Assembling Bricks & Power Ups

  • This is a shot of the game in action. Seen here are various power-up bricks, including Big Ball, Tiny Ball, Multi-Ball, and Points Multiplier. You will also notice the 3 different brick types, horizontal, Vertical, And Circle.

  • While horizontal bricks are self-explanatory, the vertical bricks were chosen to construct walls around the board, allowing dynamic changes in how the player must interact with the board and providing gameplay opportunities.

  • Circle bricks were selected to be akin to bumpers as well as naturally serving as a way to add further chaos factors to the board, thanks to their hard-to-predict reactions with the ball.

  • Unlike brick-breaker games, most, if not all, the power-ups were designed to be positive. This was intentionally done so as not punish the player excessively, pinball is already a difficult game at the high-level and adding a power-up that hurts the player on top of this proves too frustrating.

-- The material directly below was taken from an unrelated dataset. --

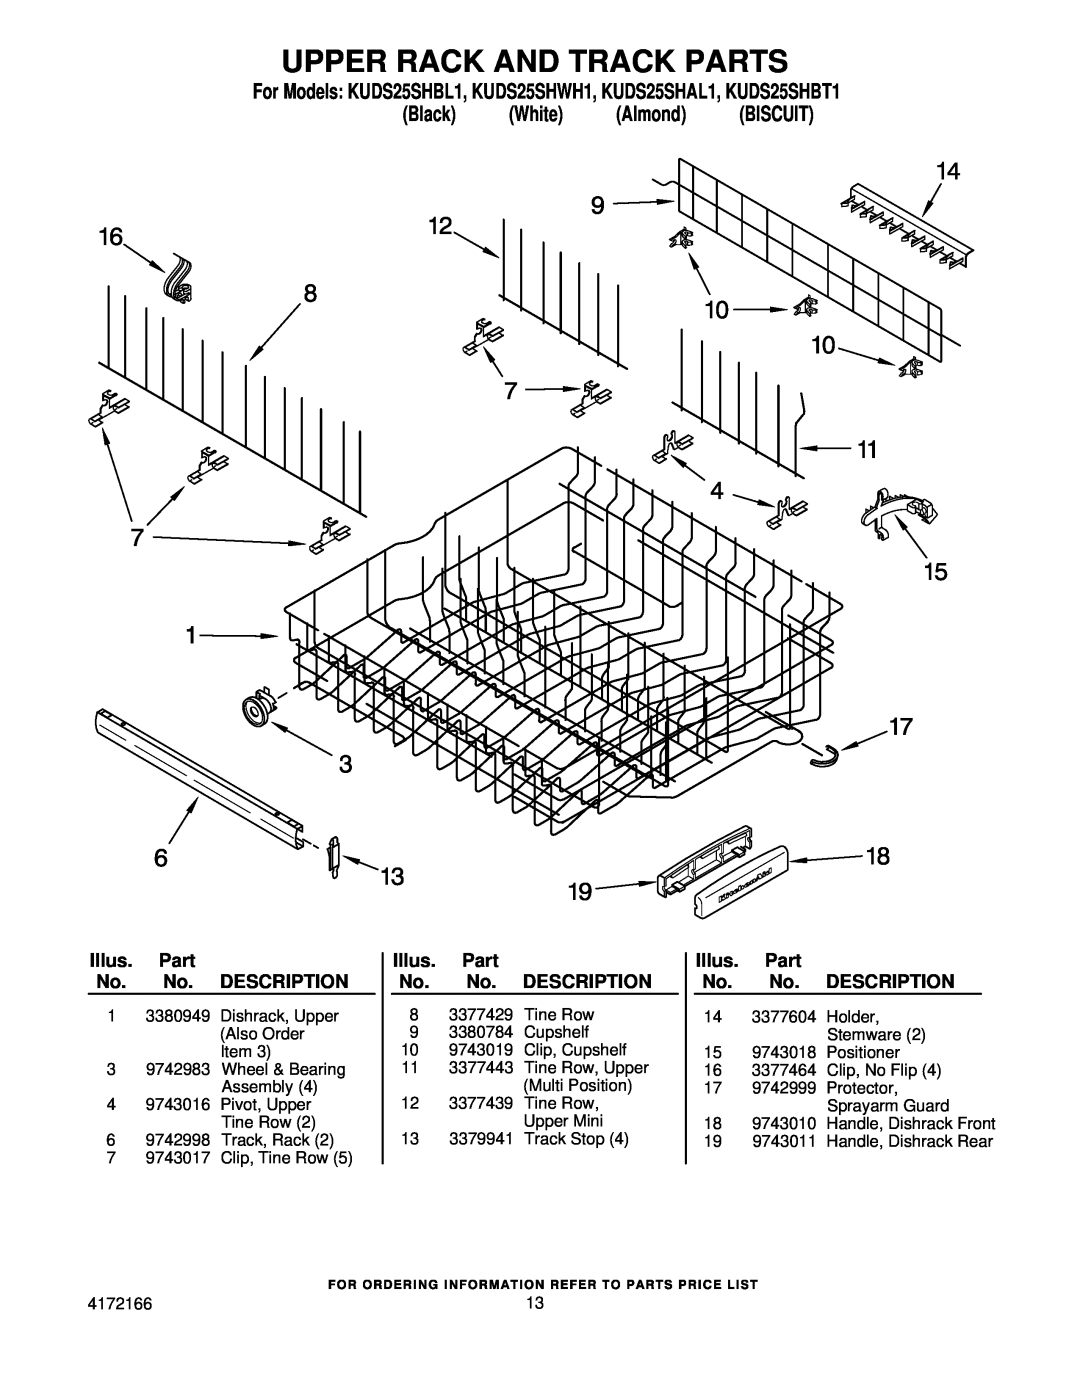 KitchenAid manual Upper Rack And Track Parts, For Models KUDS25SHBL1, KUDS25SHWH1, KUDS25SHAL1, KUDS25SHBT1 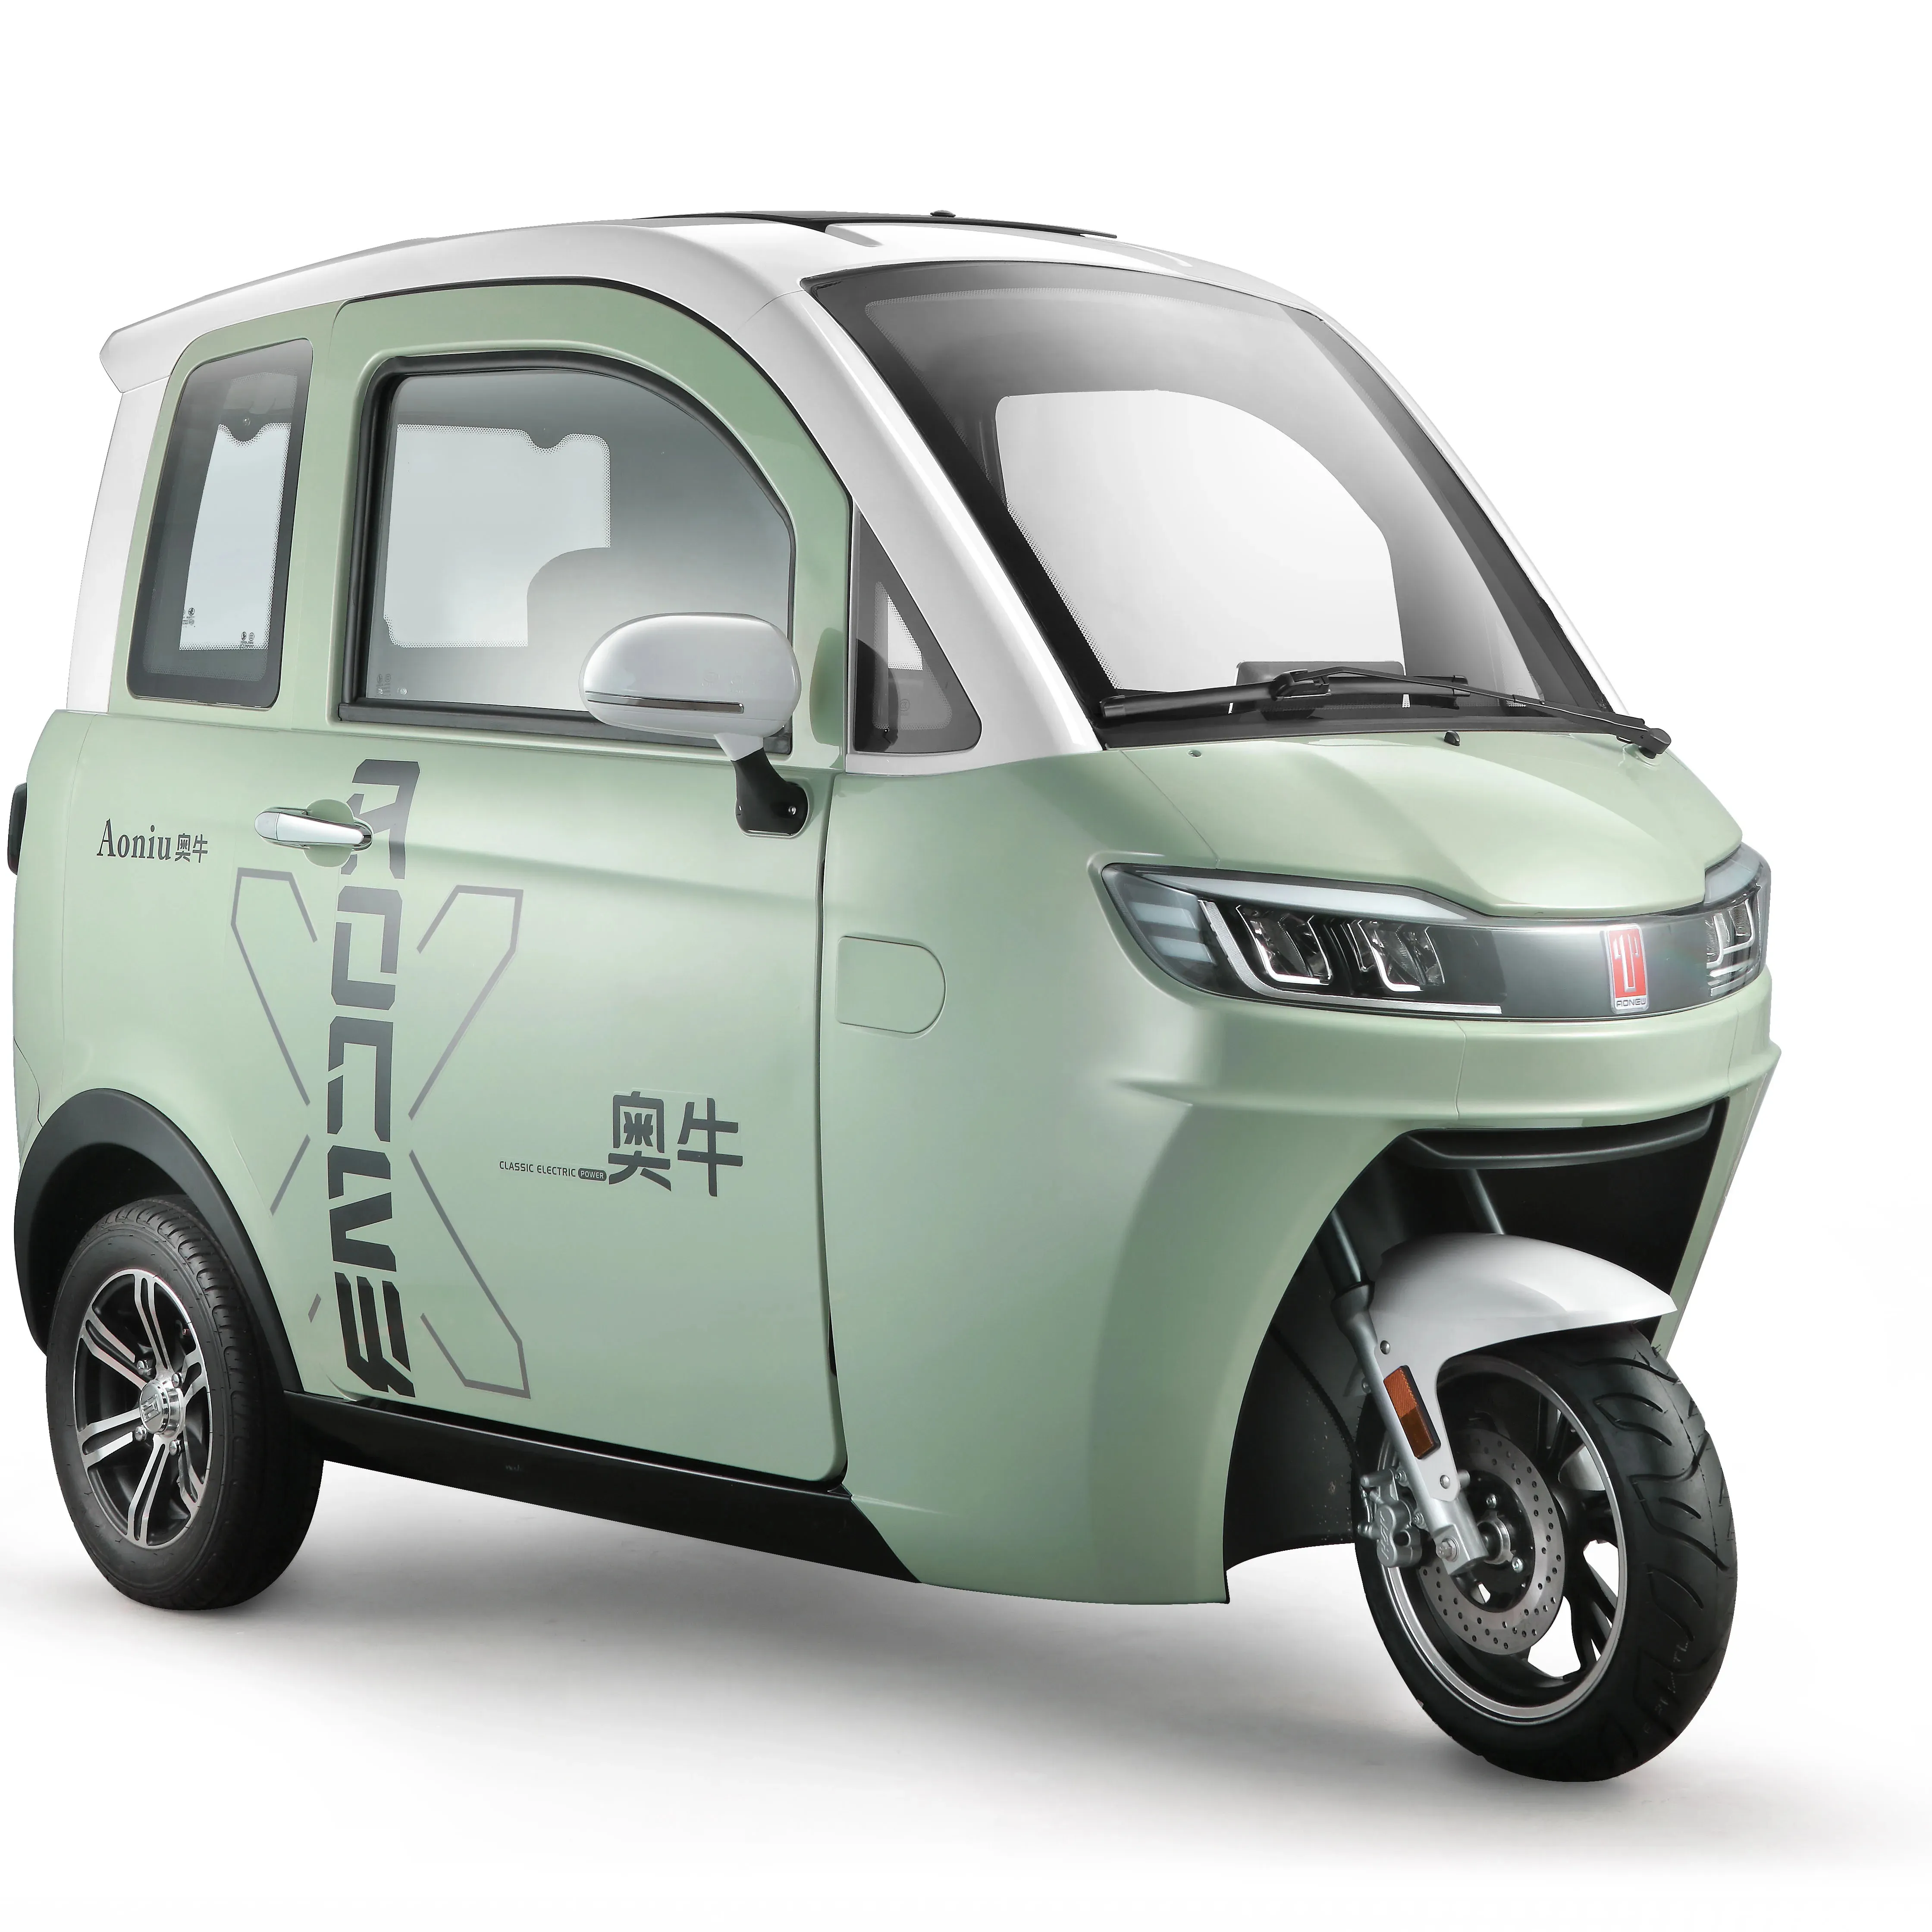 2022 распродажа, Новый энергетический Электрический мини-автомобиль Aonew, дешевый Электрический трехколесный велосипед для взрослых, трехколесный велосипед

  • Some power-ups were already staples of pinball, such as the Points Multiplier, which multiplied your points, and the multi-ball, which adds another ball to the board. But some are more abstract to pinball, such as big and tiny ball.

  • Big Ball and Tiny Ball proved very interesting to play with as the larger balls cleared bricks much more easily and were harder to sink into the pit,t but at the cost of getting stuck more often and crowding the board in negative ways. The tiny ball, however, made it easier for players to slip past bricks, allowing for better cascades and skill shots, at the cost of being hard to keep around. These problems and benefits were exacerbated when the effects were stacked on top of each other.

  • Light and Moon Ball were two power-ups that behaved similarly but provided much different contributions to the board. Light ball itself made the balls have less mass allowing them to be fire at a greater speed, where as Moon ball lowered the gravity of the bored, making the balls fall down much slower, allowing for greater control.

  • In hindsight, I think light ball is a rather useless ability, and moon ball likely would have stayed due to its greater impact in the gameplay loop, especially during more chaotic situations

  • Originally, this game was planned to be in 3D, but due to the lack of time from pivoting twice on what I wanted my project to be, 2D was chosen for a faster production cycle.

  • The game was also intended to be a lives system like pinball. However, due to coding faults, poor player feedback, and time constraints, the time-based system was elected instead. And even then, there is a game-breaking bug that prevents the game from being played more than once on the same execution.

  • Overall, this game stands as one of my biggest failed projects as a designer, but one I do wish to return to one day with more time and greater experience.